Soldaten der Krisenreaktionskräfte, die z.B. tagelang
Kampfsituationen nachstellten, sähen sich schnell als
Kriegsteilnehmer wie ihre Großväter in der Wehrmacht." (Westf.
Rundschau nach Nachrichtendiensten, 11. Nov. 1997)
Und ein weiterer Bericht sei hier zitiert. In der Sendereihe
"Streitkräfte und Strategien" sprach ein Rainer Götz
über die Friedensmission der IFOR-Truppe in Jugoslawien.
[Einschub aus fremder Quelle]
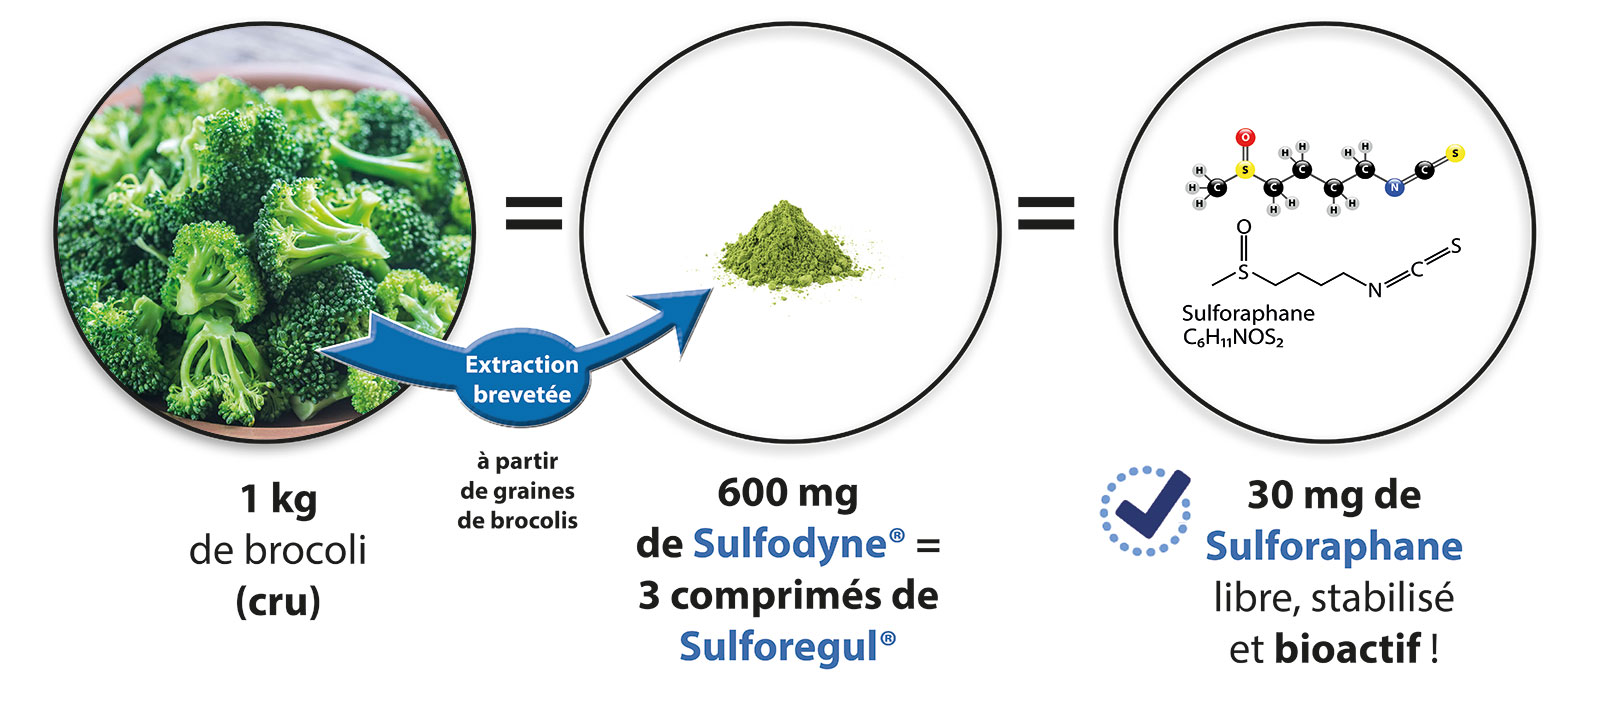 380 grammes de brocolis = 200 mg de sulfodyne = 10 mg de Sulforaphane libre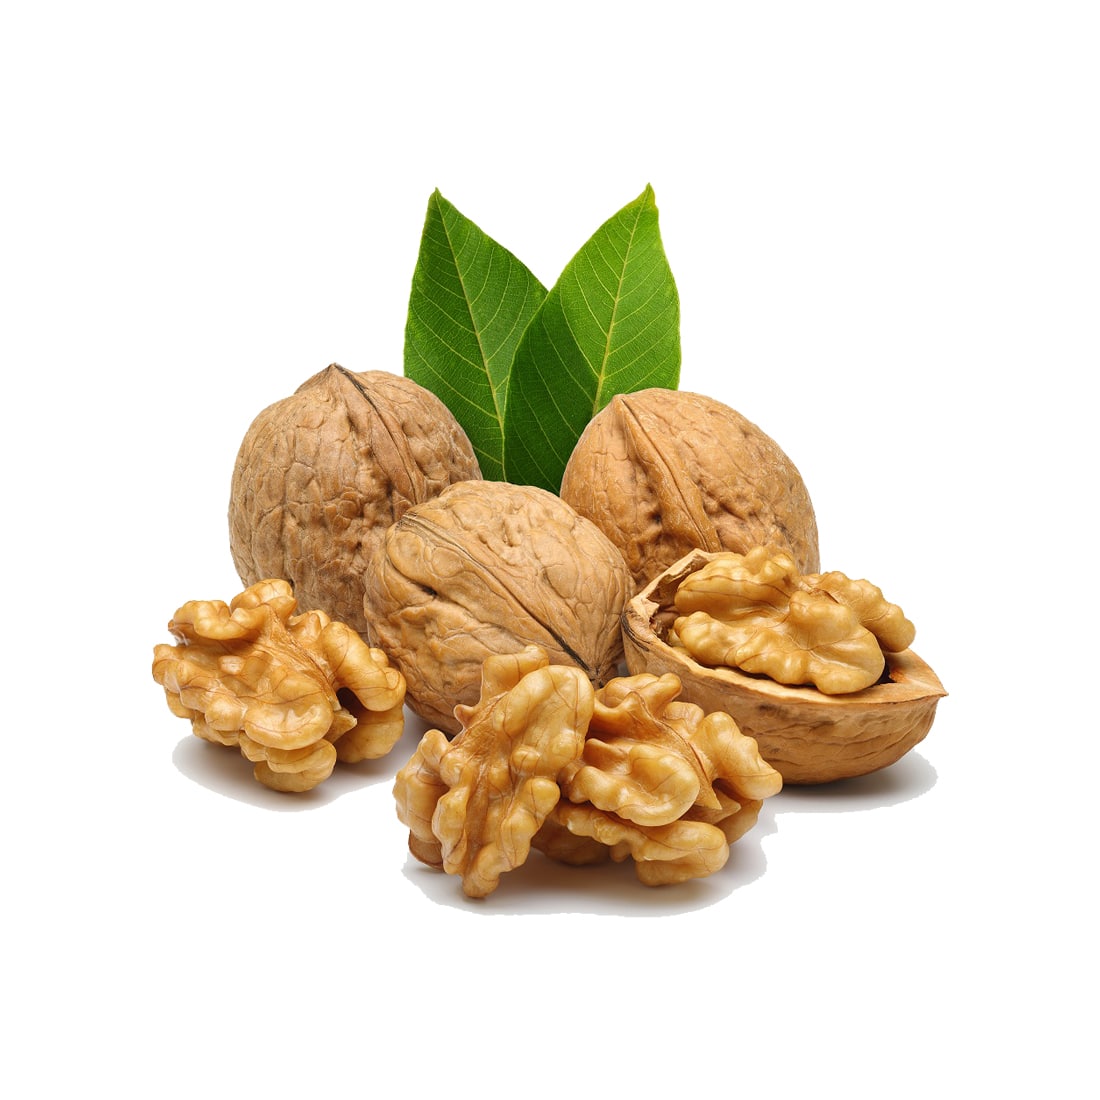 Nuts: almonds, cashews, walnuts, peanuts, pecans

Er sprach
zum Thema "Kriegsnähe ist jetzt Realität - Gestellte
Vergewaltigungen und der Lehrplan der Bundeswehr" und führte
aus: "Ein anderes Problem beim Bosnien-Einsatz ist neben der
Auswahl der Teilnehmer die Ausbildung selbst. Die klassische
Situation des Soldaten, sein Leben zu riskieren und das anderer zu
zerstören, war für die Bundeswehr jahrzehntelang nur Theorie
(...). Doch Kriegsnähe ist jetzt Realität, so wie sie in
Hammelburg vorausgesetzt wird, wo schon lange Infanterietaktiken
gelehrt und Einzelkämpfer trainiert werden. Deswegen wurde auch die
Ausbildung für die UN-Einsätze dorthin vergeben. Die Soldaten
werden in der Infanterieschule auf Extremsituationen vorbereitet, in
denen sie Gewalt ausüben oder Gewalt erleiden müssen.
Gefechtsstress lässt sich ohnehin nur unvollständig simulieren.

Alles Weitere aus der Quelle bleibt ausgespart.